Begins relatively clear. The practice labs were coherent and straightforward.

Around Week 4, things started to get convoluted. Small things, things that you don't notice at first.

Week 5 was where it really started to fall apart. You could tell whoever made this course lost interest or just did not have the capacity to teach the information effectively.

A great example of the lack of understanding or knowledge of how Coursera works is something you can view yourself.

Week 6 is the Final Project

Week 7 is one statement about your certificate.

Usually in most courses, the final project will be in end of the final week. That week having multiple modules that you have to complete leading up to the final. It was worrying for me as I thought the approach to this was on accident, but it seems likely that it was just due to ignorance.

Just as well, the Final Project was botched, the software and questions were depreciated and even written wrong by the creator. And when you would upload your pictures in the end to show you had worked out the problem, one of the upload buttons was missing in lieu of the letter "Y"....

Y indeed. Y was the ending of this course so terrible? A little more investment in the people you are teaching would go a long way. Very disappointed.

교육 기관: Philip P

2021년 1월 9일

Course lacks thorough rigor or genuine assessment.

Labs are training on copy/paste and using the Shift+Enter command in the Jupyter notebook.

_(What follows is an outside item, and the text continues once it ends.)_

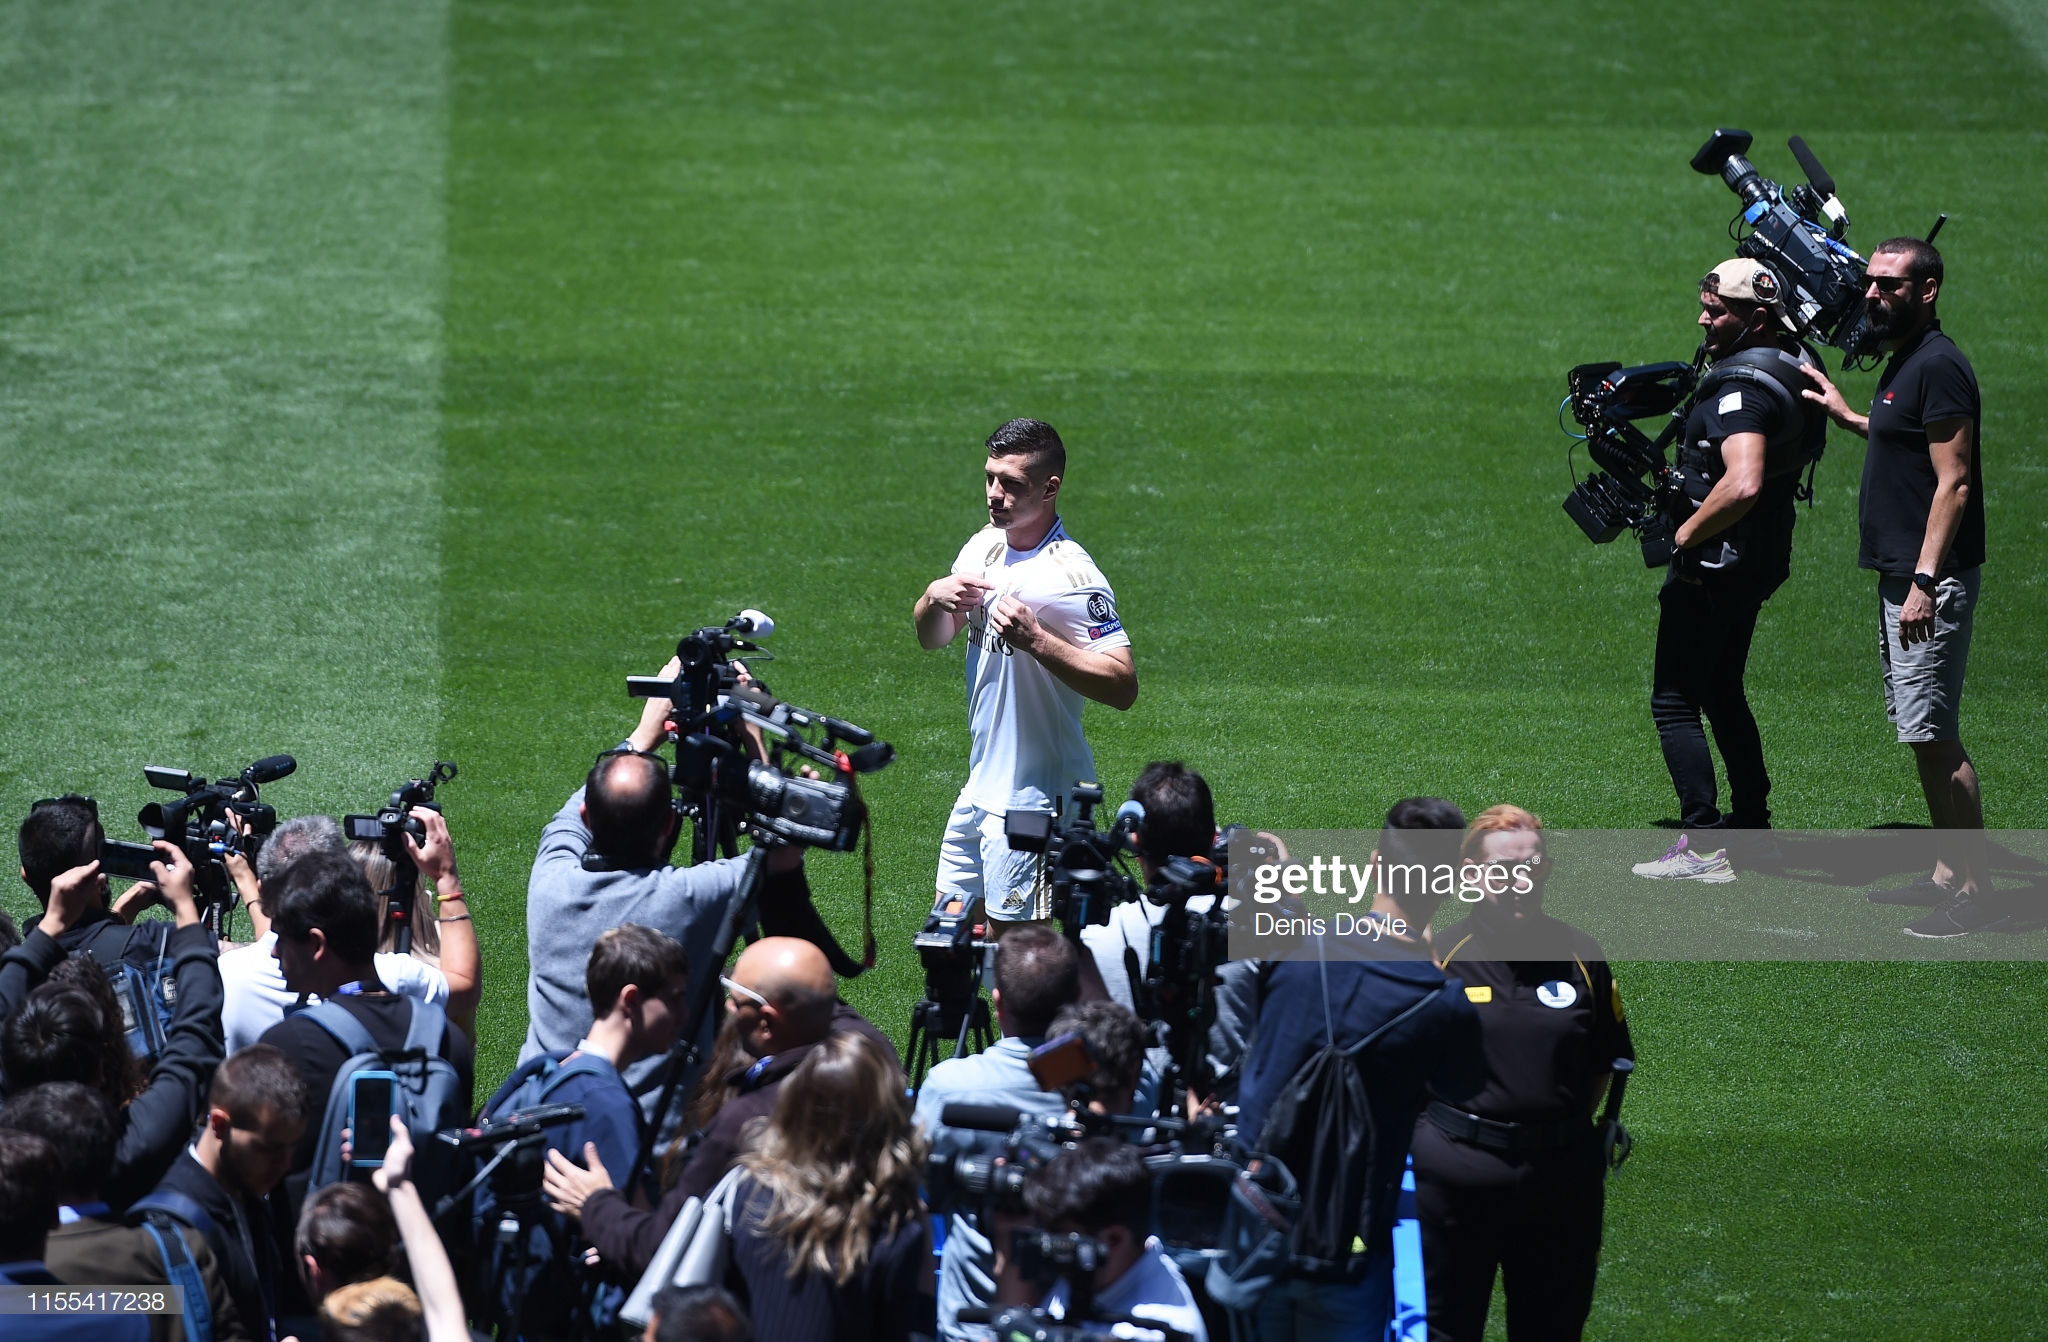 gettyimages-1155417238-2048x2048.jpg

Assessments are multiple choice. No assessments on ability to write scripts to undertake data analysis to seek solutions.

교육 기관: Brandon S

2021년 1월 7일

Again, the use of the IBM cloud is a useless buffering of site traffic for your own products and does not provide anything for the course. Little to no 'challenge' questions that push the student to go beyond the hand held procedure of the labs.

교육 기관: Elvijs M

2020년 4월 18일

The course makes you aware of some Data Analysis techniques, but you learn very little. The explanations are very superficial. And since nearly all the code is are already there, you are not forced to think about the concepts and methods.

교육 기관: Utkarsh S

2020년 6월 25일

The course was quite good until Week 3 but after that it was poorly structured. A lot of concepts were randomly introduced without proper explanation in Week 4 and Week 5, thereby killing the fun of learning.